Cold Weather (2010)

2 07 2011

Aaron Katz once again proves he’s at the very top of the pyramid when it comes to young American filmmakers. This gentle and beautiful pseudo-thriller should be enough proof that he’s far more mature than his mumblecore peers. His slight crossover into genre works perfectly as the film never seemed to be particularly jarring as a relationships movie that quickly becomes a mystery. In a way, this is what that terrible movie Brick should have been, a reflection on genre that doesn’t have to sacrifice any sense of realism. Katz has done something that very few have accomplished since the heyday of genre filmmaking in the 1940s and 50s – he has put his story in a world that we can recognize as our own and it is lovely to watch.

I don’t want this review to ultimately dissolve into a comparison of Brick because one, I quite frankly don’t care about that movie and two, it seems like it would be a disservice to Katz. Still, look at the way Cold Weather opens. A very subdued family dinner, nothing really “dramatic” or “intense.” In fact, the film never really gets into that territory. Brick immediately thrusts the viewer into a world that is modern but filled with people talking like characters in a Howard Hawks movie. In truth, I’d think Katz’s vision is probably closer to the mold of someone like Hawks or Ford even though he’s not studying and replicating their footprints like Rian Johnson. The fact of the matter is, Katz is able to ground his film by having a (seemingly) close-knit cast and the photogenic gloominess of Portland, Oregon as his backdrop.

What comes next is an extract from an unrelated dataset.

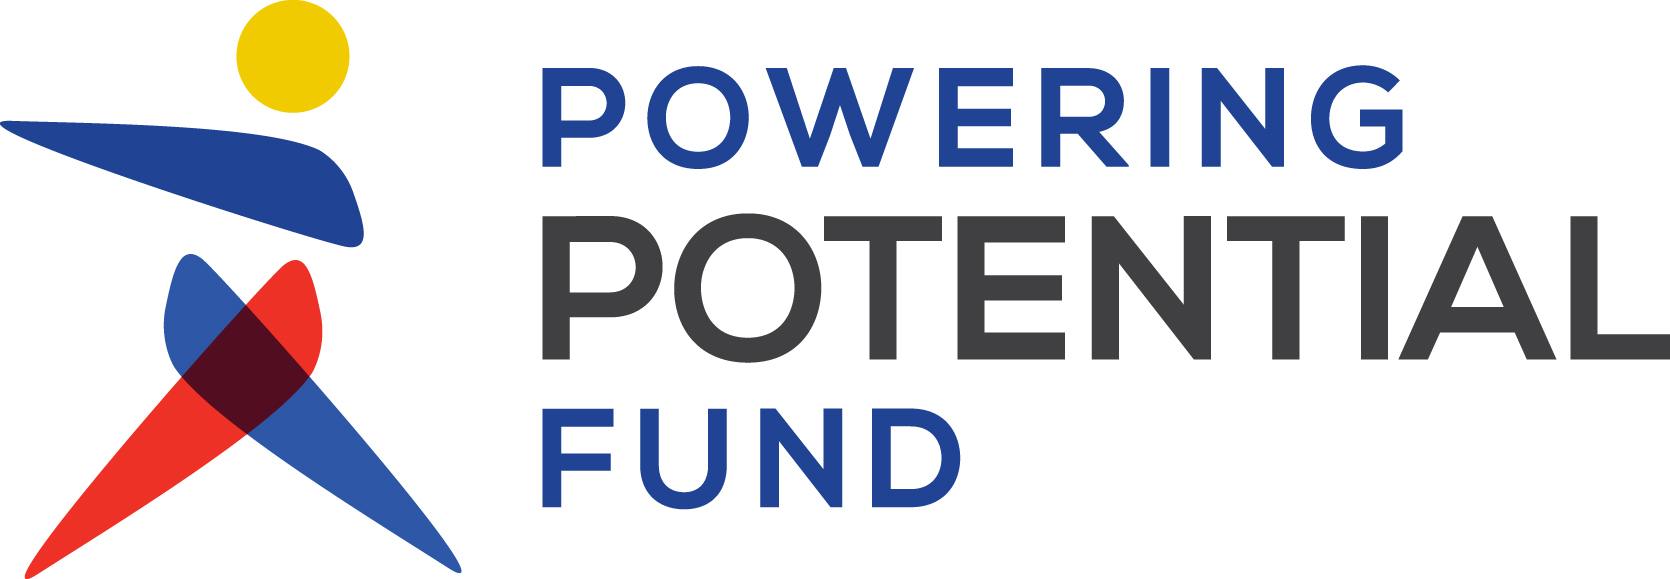 Powering Potential Fund logo

One of the many strengths in Katz’s previous film, Quiet City was the way it obviously alluded towards Katz’s artier influences but still kept something that was distinctively apart of the “young adult” experience in modern day America. This might just be an elaborate workaround for using “hipster” on my part, but the point still remains, Katz draws from an influences as well as he manages to create some completely organic and new. The “pillow shots” of his previous film were a nod to Ozu, but here they seem to have progressed into something that belongs to Katz himself, not just a tribute. Again, it helps that what is being photographed is something that is just so intrinsically American. The images feel fresh and new, even while being guided through Katz’s already well established aesthetic.

It probably says something of Katz’s intentions that the mystery is essentially “solved” with still somewhere around 20 to 30 minutes left in the film. This seems weird, especially since we’re never given any closure in that time. Instead, the film’s final stretch makes it seem more like being a movie about a brother-sister relationship, which seems to be one of the relationships that has been given the least amount of serious attention in cinema. It’s easy for me to gravitate towards this because one, my sister and I are extremely close and two, Trieste Kelly Dunn is insanely beautiful in this movie. It’s actually sort of disconcerting since it is suppose to be a brother-sister complex and I couldn’t accept that she (nor any other character in the film) was going to be the object of romantic longings.

This is all a good thing, though. It’s a movie by a young American about young people and there’s no point in which stock feelings come into play. In other words, it feels authentic and that is more important than one would think in a genre film. While Katz hasn’t  done quite enough to put him up with say, Nicholas Ray, but he has made one of the most artistic and enjoyable genre films in a long time. Considering his monetary restrictions, it would be an understatement to call this an accomplishment.